> _WHAT NEEDS TO BE DONE_
All of the lines below need to be copied exactly, apart from the pictures.

> _AVAILABLE DATA_
┄┄┄┄┄┄┄┄┄┄┄┄┄┄┄┄┄┄┄┄

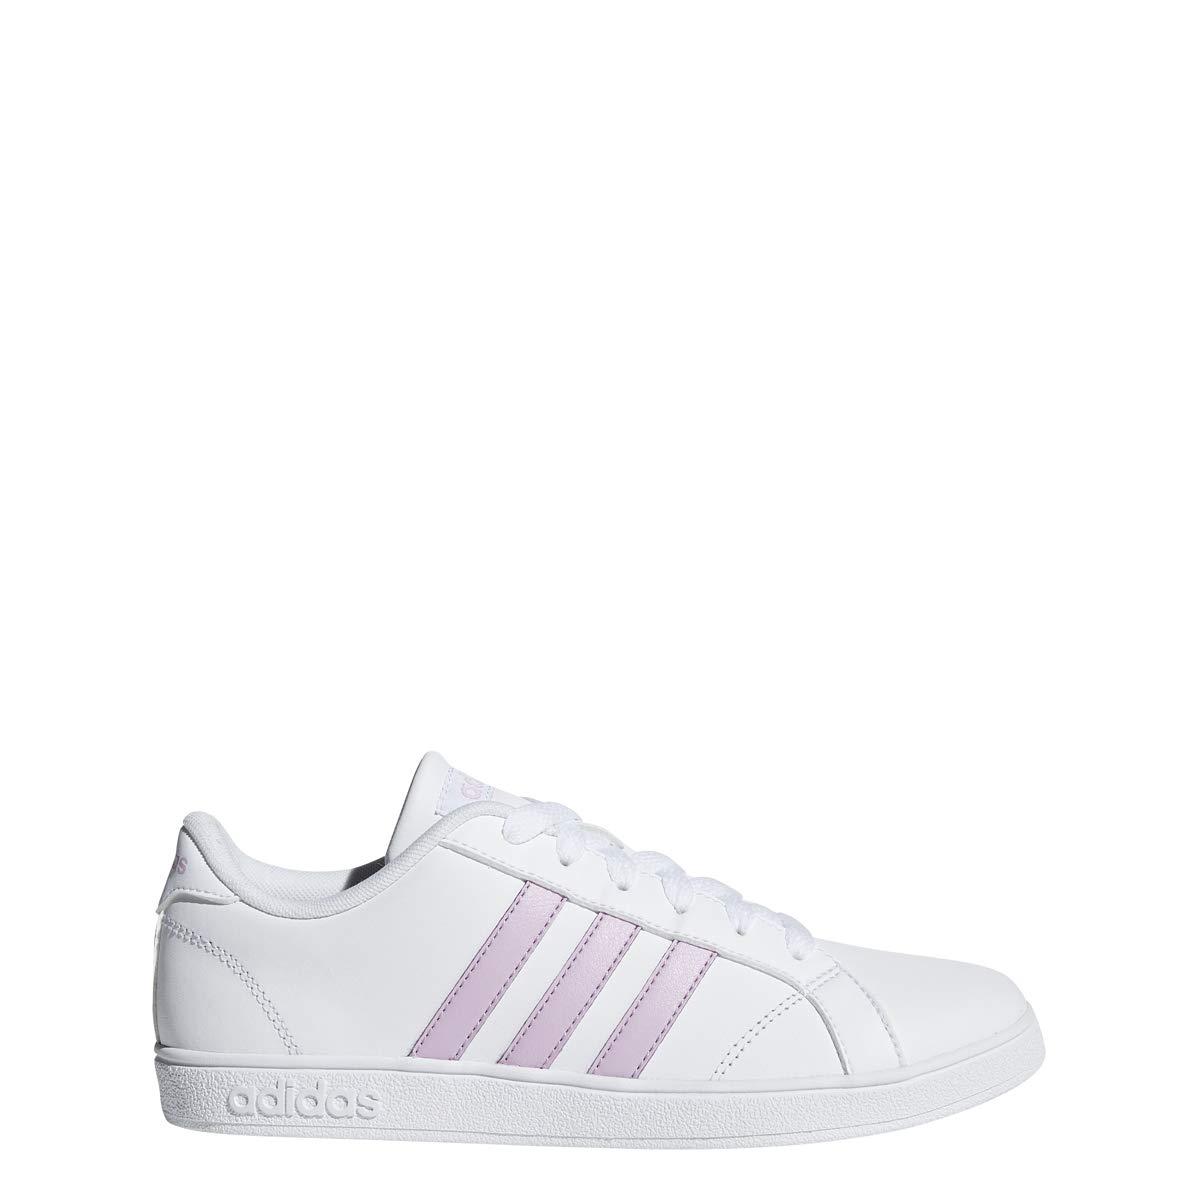 best service 5fcd7 8096d Galleon - Adidas Performance Unisex-Kids Baseline, White Clear Lilac White,  1 M US Little Kid
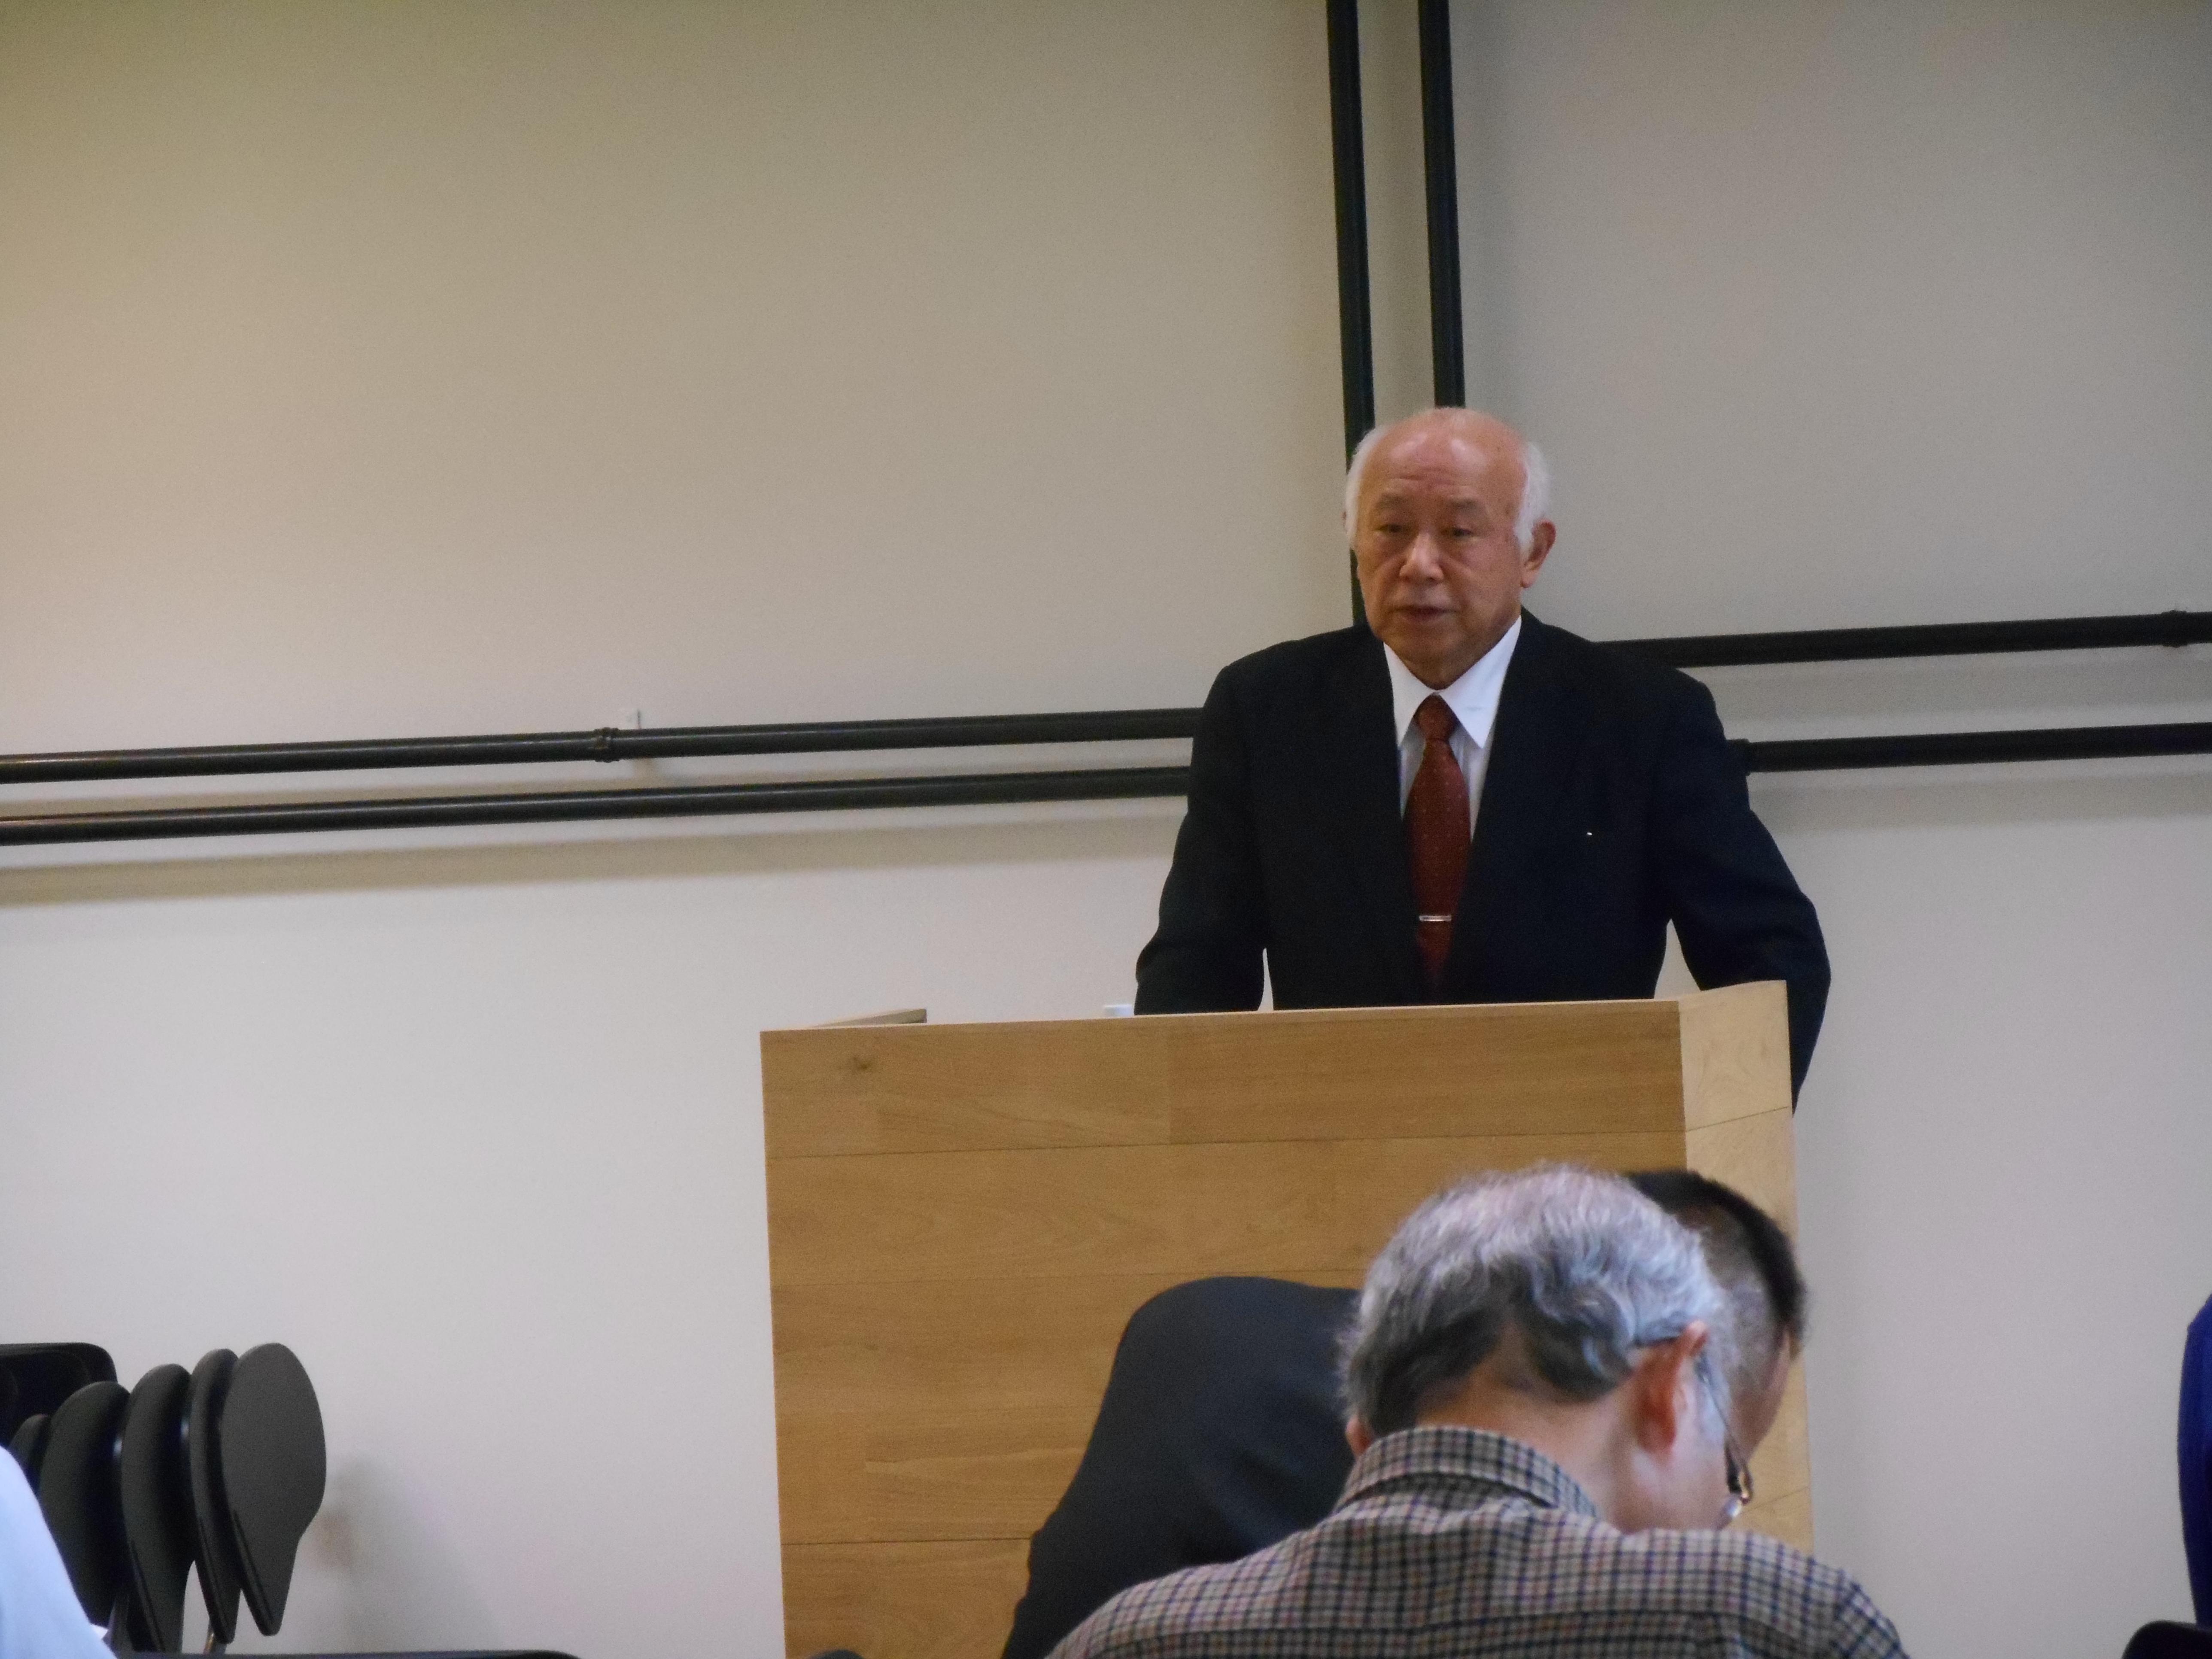 DSCN3707 - 2017年2月4日東京思風塾開催
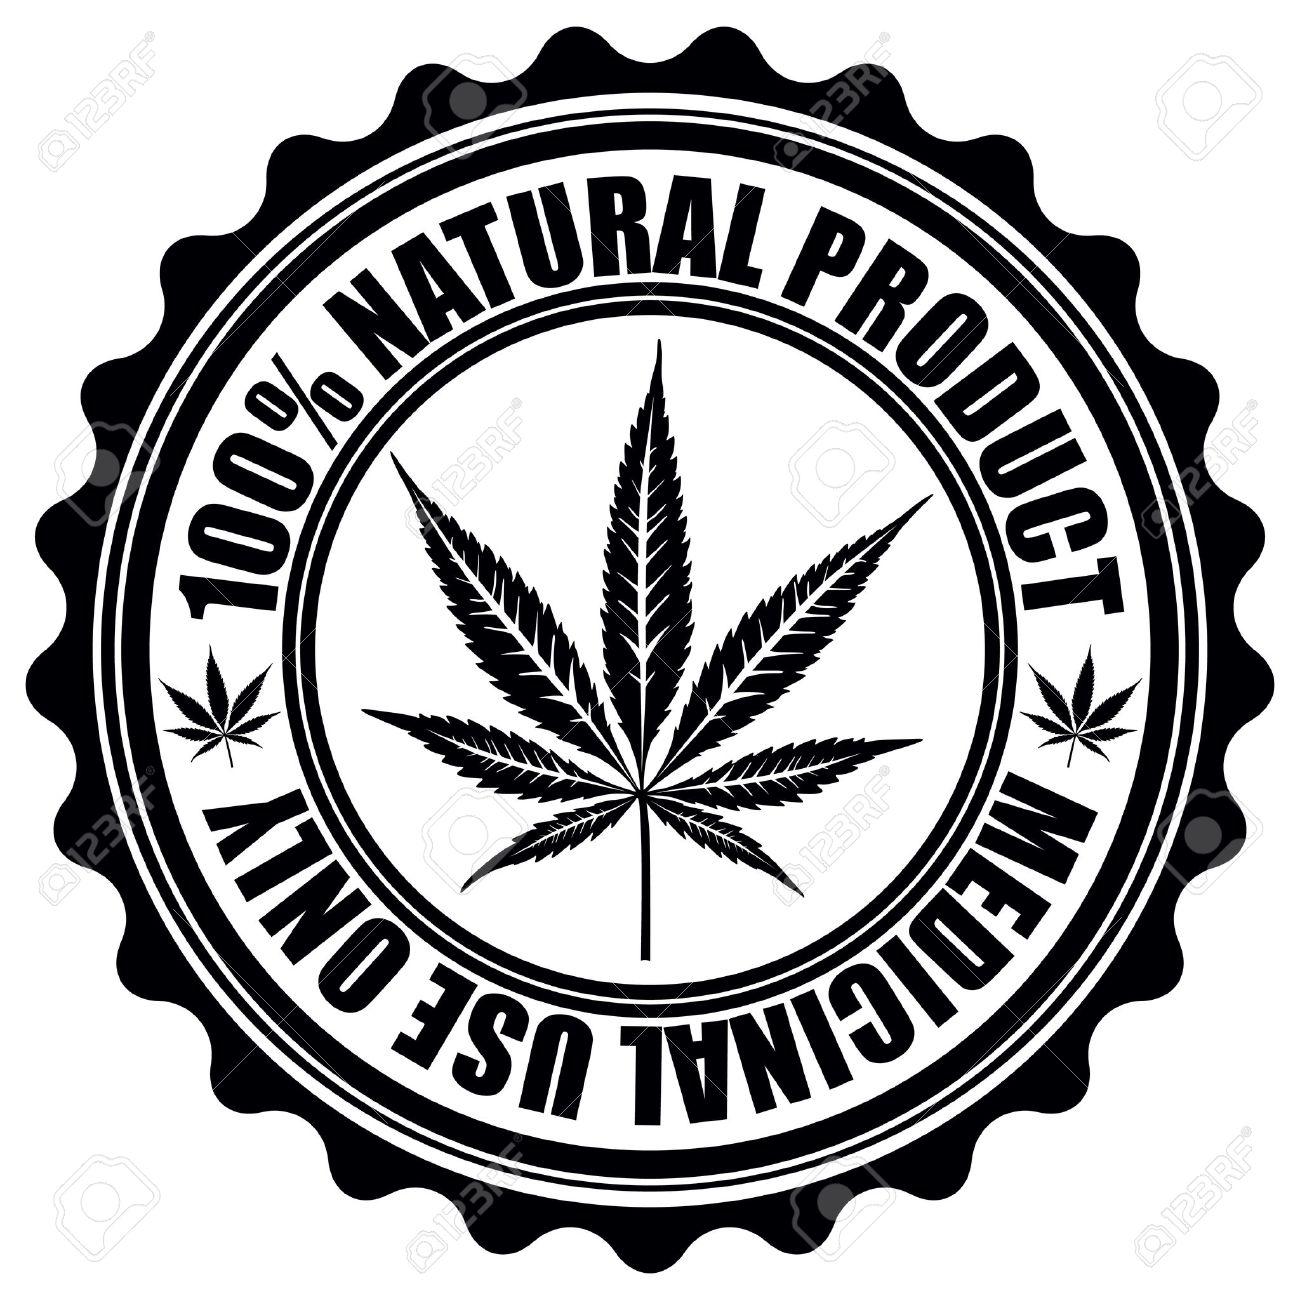 Stamp with marijuana leaf emblem. Cannabis leaf silhouette symbol. Vector illustration - 29266402

┄┄┄┄┄┄┄┄┄┄┄┄┄┄┄┄┄┄┄┄

> _EXERCISE OUTPUT_
 best service 5fcd7 8096d Galleon - Adidas Performance Unisex-Kids Baseline, White Clear Lilac White,  1 M US Little Kid
 DSCN3707 - 2017年2月4日東京思風塾開催
 Stamp with marijuana leaf emblem. Cannabis leaf silhouette symbol. Vector illustration - 29266402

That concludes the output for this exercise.